Anything, but what we ended up getting. "Nobody gonna take my car."

A car? A fucking automobile? That's what all that build up was about? I feel swindled. My heart rate was spiking, and I had fists clenched ready to take on all comers, and it turns out you're just bragging about your ride.

And I love cars, I really do. There's always been a special place in my heart for every auto I've driven, even the old clunkers that could barely make it up a hill. I appreciate my ability to be mobilized by internal combustion. But singing a song similar to a war anthem to any of them just feels weird. Nobody gonna take my car? Hold a gun to my head, you'd be surprised how quickly you can have it. And why the absolutes? Isn't part of having a car to facilitate finding a woman? Hell, a woman is being sung about in the very next set of verses, so it's clear that it's part of the equation. What happens when you start a family, and suddenly the aforementioned beast on four wheels can't accommodate a baby seat? Seems to me someone's gonna be taking your car very soon. In fact, you'll probably be giving the thing away, otherwise you're sleeping on the couch buster.

Granted, I'm not a car song guy in general, but there are better marks out there that represent the genre better. Queen sang "I'm in love with my car." I can live with that. It's strange of course, but at least it's passionate. This just feels braggy, and in a song with such a furious groove, braggy offends.

The song doesn't improve in the remaining verses. He hypes up the car, then talks about his chick and how well he bangs her. Then suddenly, his mind becomes an impenetrable fortress that is unattainable to us mere mortals, because he achieved a state of zen via speed. Considering everything you've just told me, you really expect me to believe your mind is that deep?


From that day forth, I swore off the Purp. I couldn't do it anymore. Listening to their stuff felt like bedding a beautiful woman with a well groomed mustache. Look past it all you want, but it's there, waiting to remind you of it's existence every time you kiss. And what's sad is there was potential for improvement. If you ever dabbled in the self titled album of theirs, you'd hear some well constructed verses. Not magnificent poetry by any means, but tunes like "April" or "Bird Has Flown" were at least solid attempts. And such things could be forgiven on a first attempt. Hell, it could only get better right?

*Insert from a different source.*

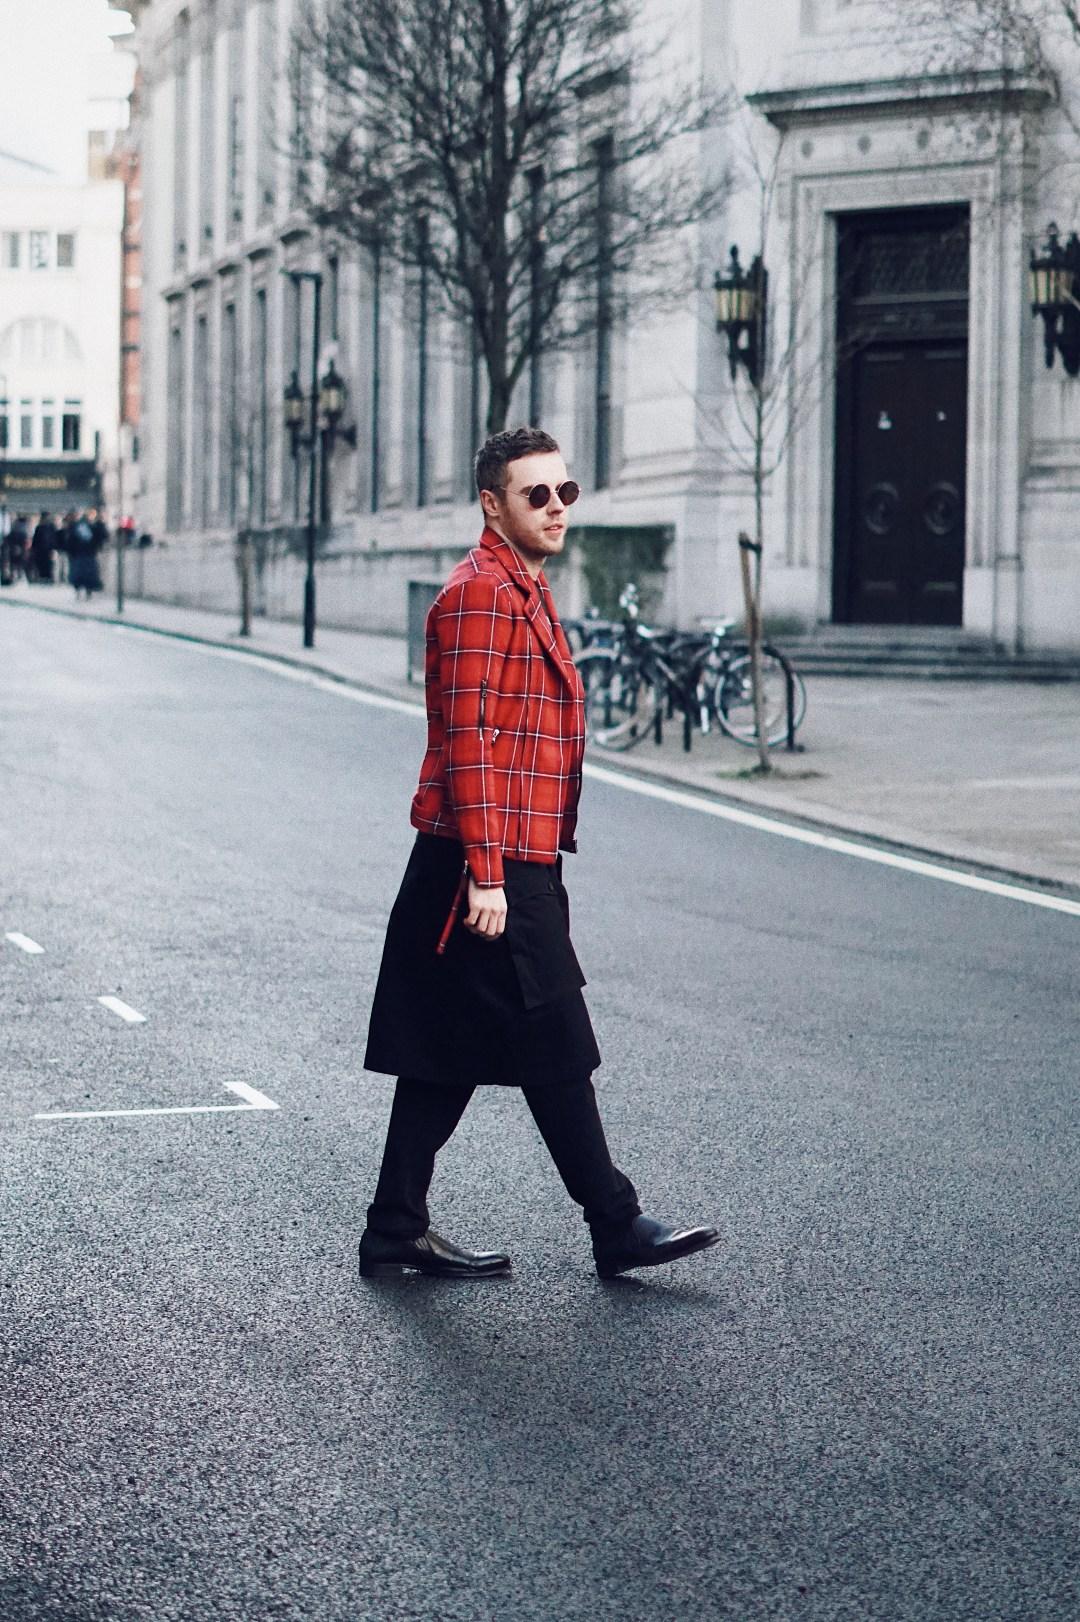 London Fashion Week. Wearing Sixth June Tartan Biker Jacket, ASOS Skinny Trousers With Wrap Button Up Skirt In Black and Zara Shoes.

Instead, it degrades. Withers into an emulsified pulp that panders to the lowest denominators. It sounds like the parties involved said "Eh, it really doesn't matter what we say, nobody's paying attention anyways." Sadly, we were all paying attention, and to this day, no one can listen to any of the greatest hits without chuckling.

I know I'll forever wear my disappointment. You could have been the great fire. A crucial element in my musical development that fueled me to bigger and better heights. As it turned out, I had to rely on the poetic qualities of bands like Metallica to carry me through my heydays...

Of course, this is the same Metallica that wrote "Fuel."